Records shown:

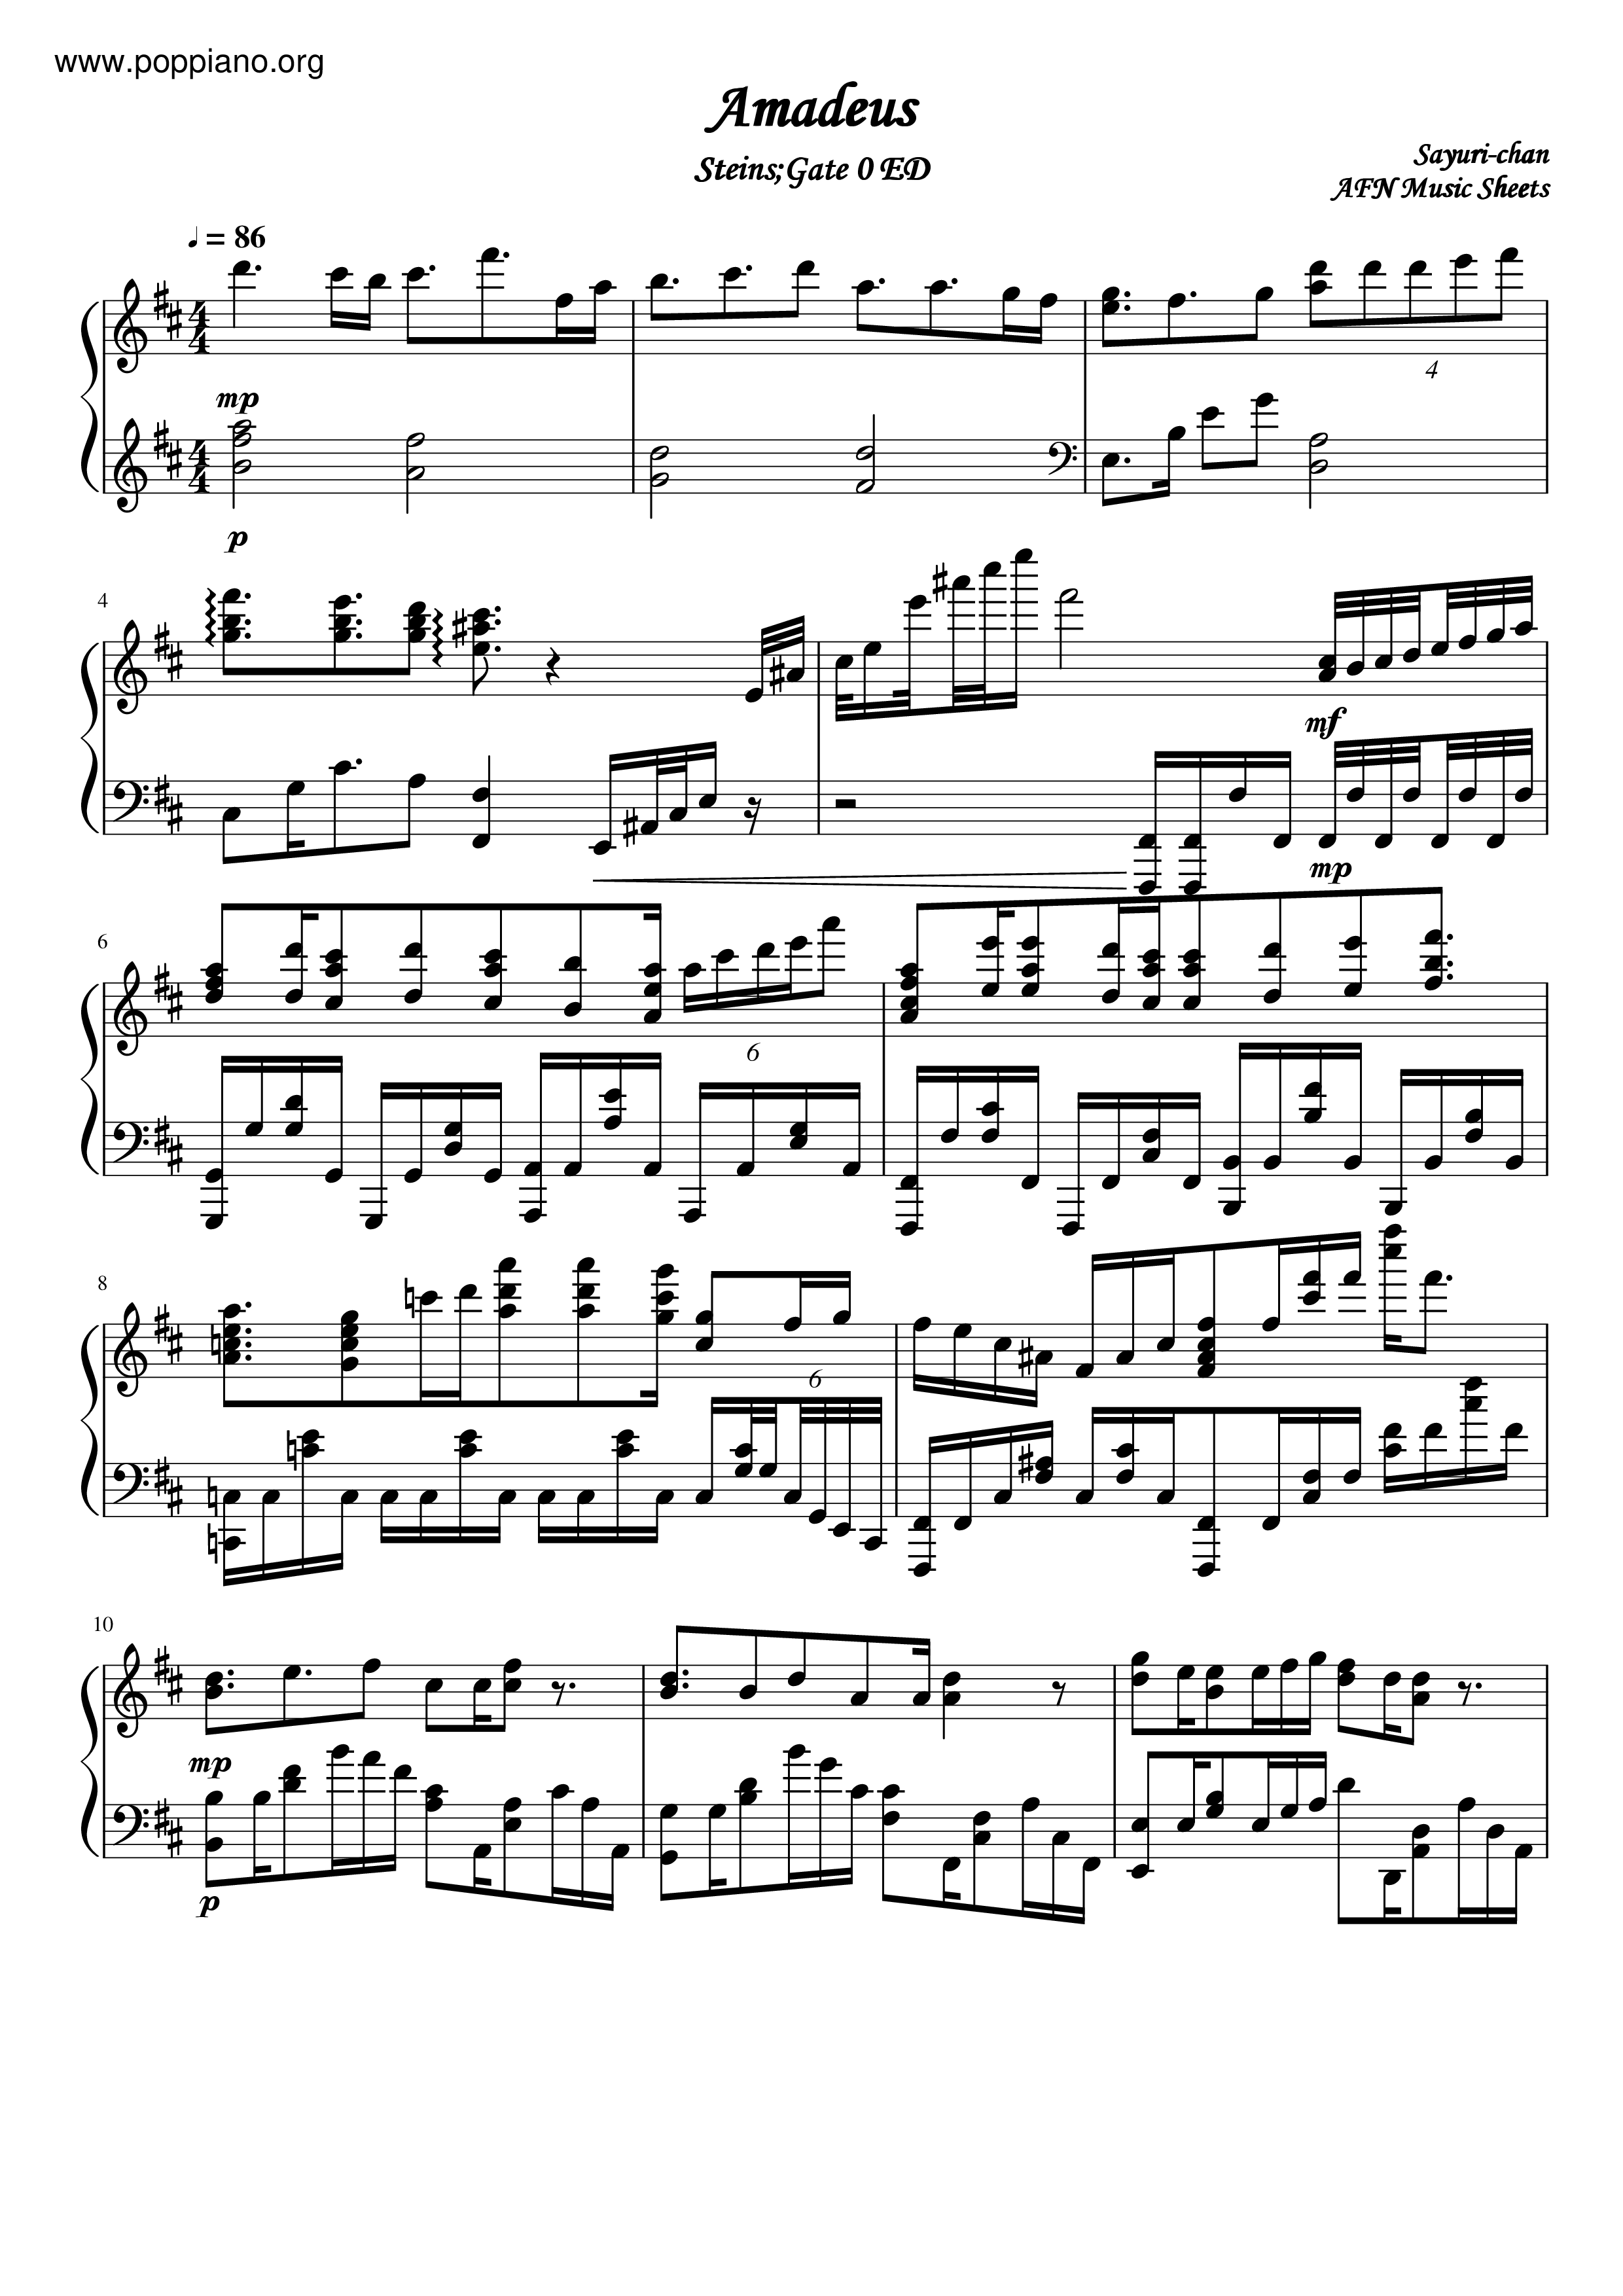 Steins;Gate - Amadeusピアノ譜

--

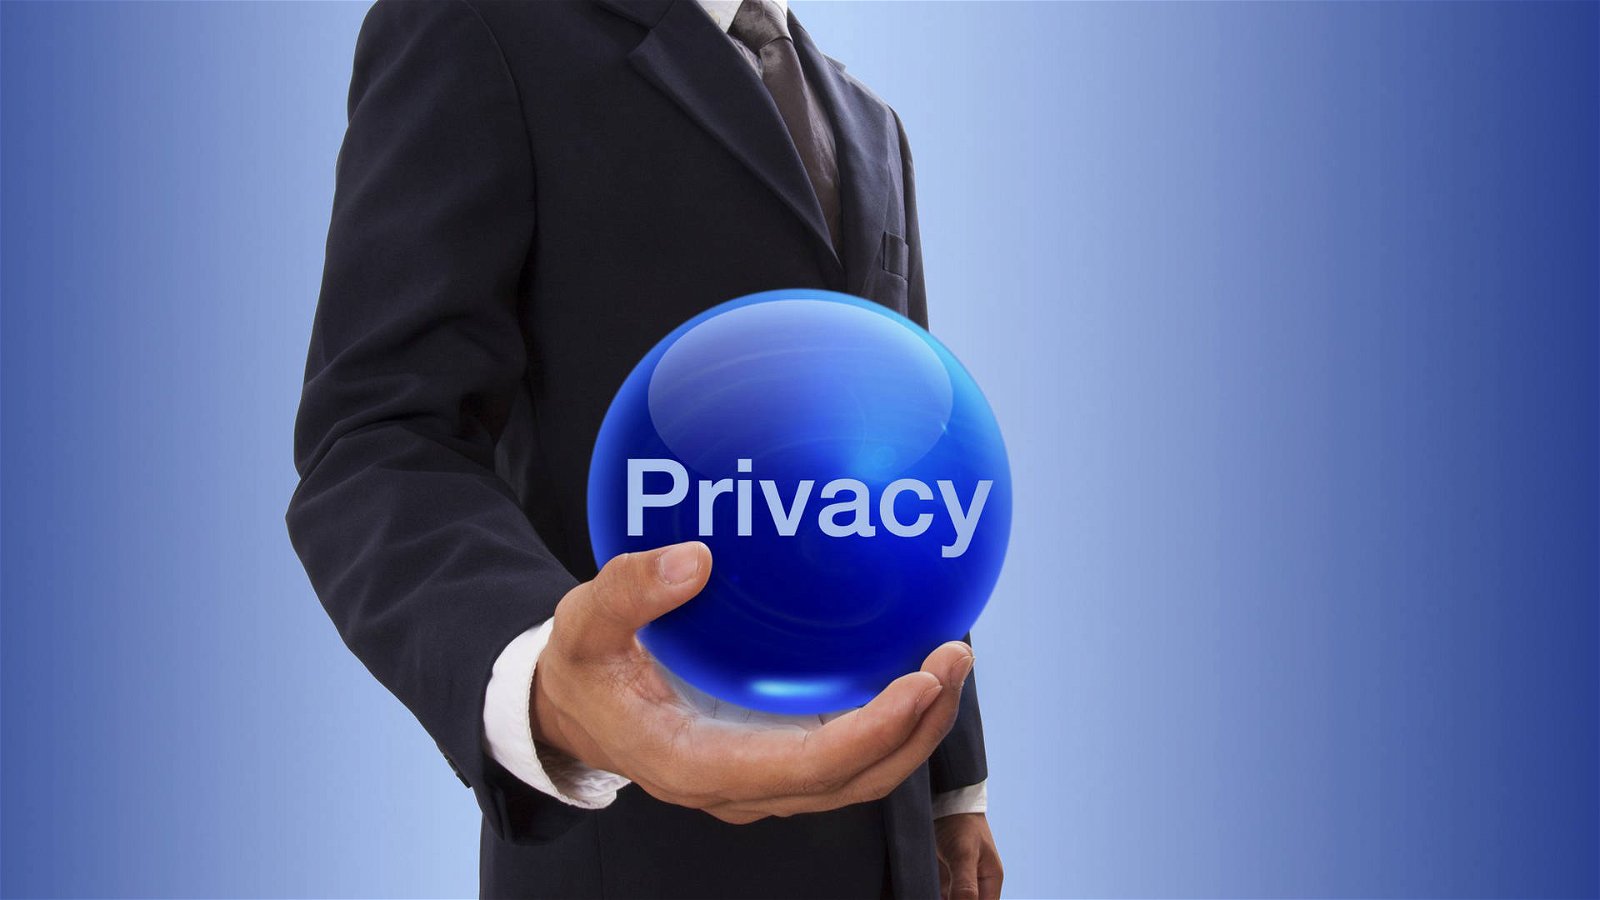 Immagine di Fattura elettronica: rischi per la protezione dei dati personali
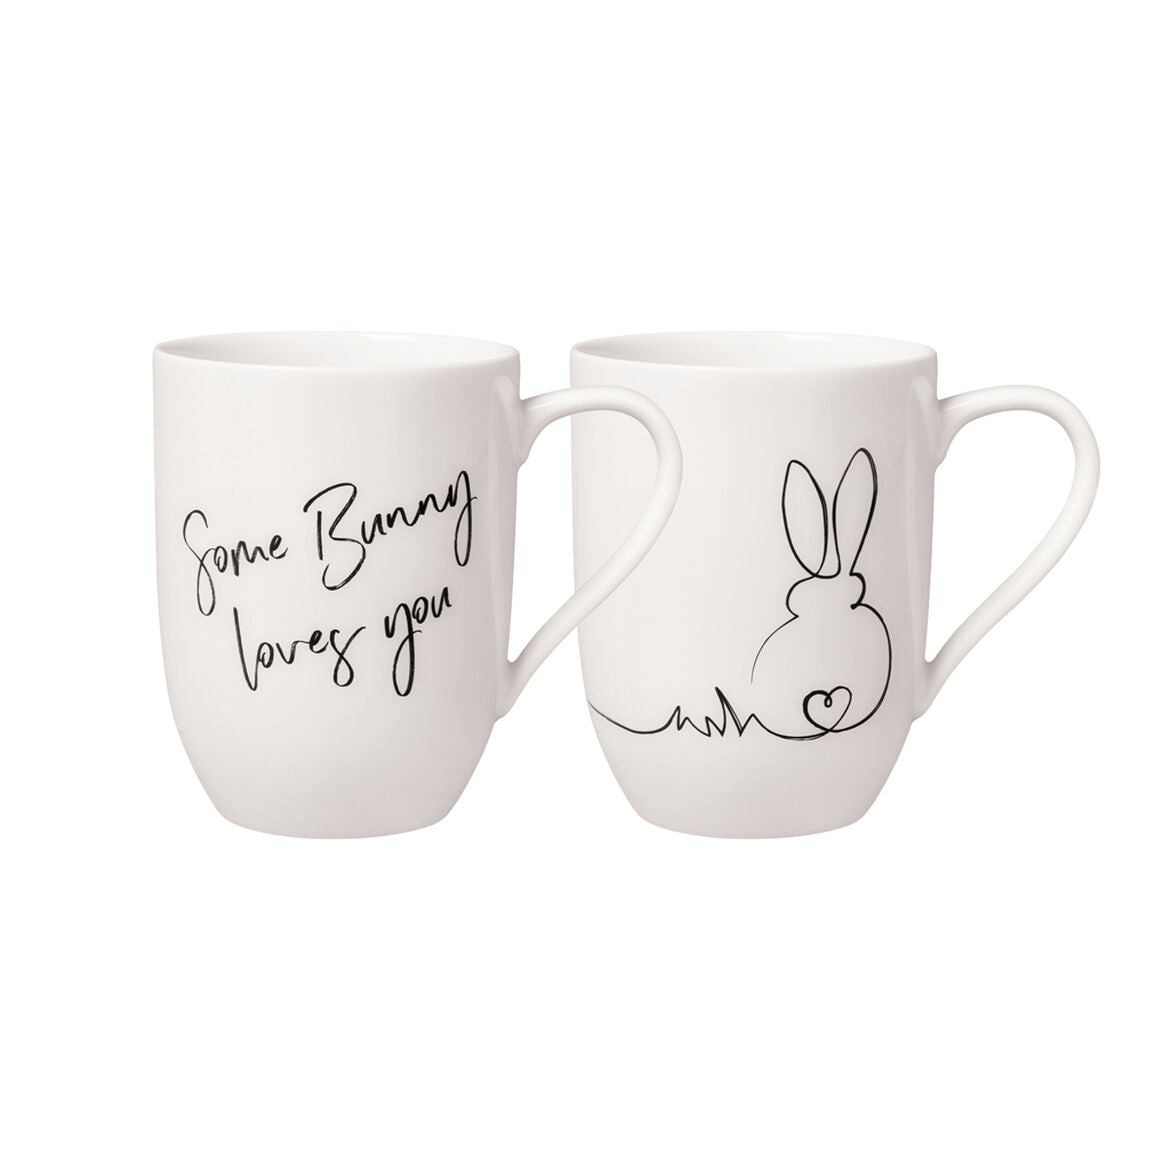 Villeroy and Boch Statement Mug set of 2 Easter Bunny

==

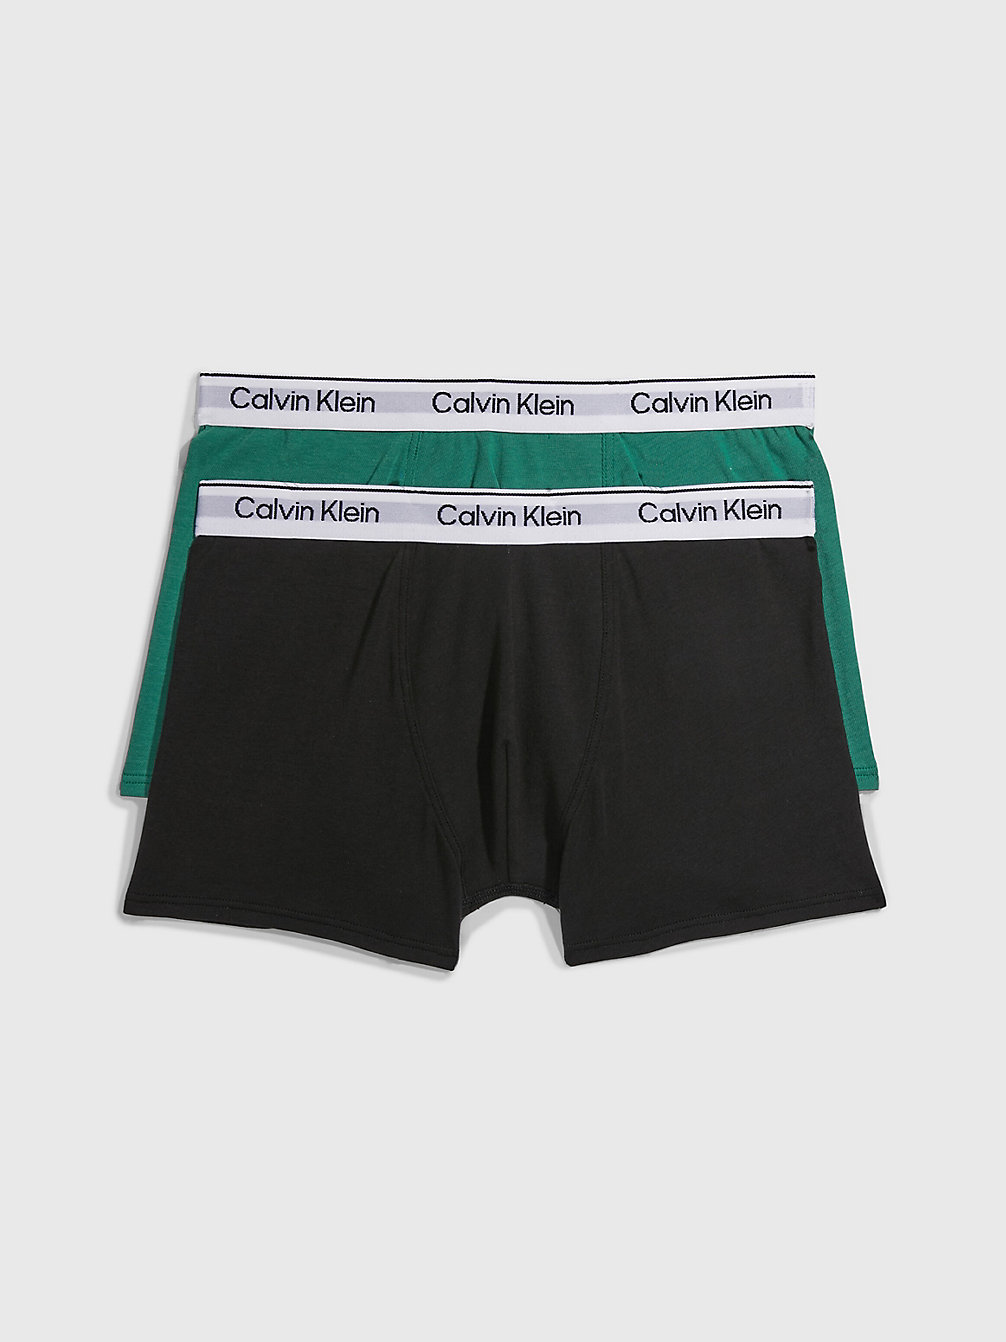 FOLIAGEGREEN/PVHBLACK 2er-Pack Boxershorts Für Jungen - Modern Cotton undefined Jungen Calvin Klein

What you are asked to do: Exactly the lines starting at the one above with "Immagine di Fattura" and ending at the one with "Villeroy and Boch" should be printed, and nothing else. Omit the pictures.

Answer section:
 Immagine di Fattura elettronica: rischi per la protezione dei dati personali
 Villeroy and Boch Statement Mug set of 2 Easter Bunny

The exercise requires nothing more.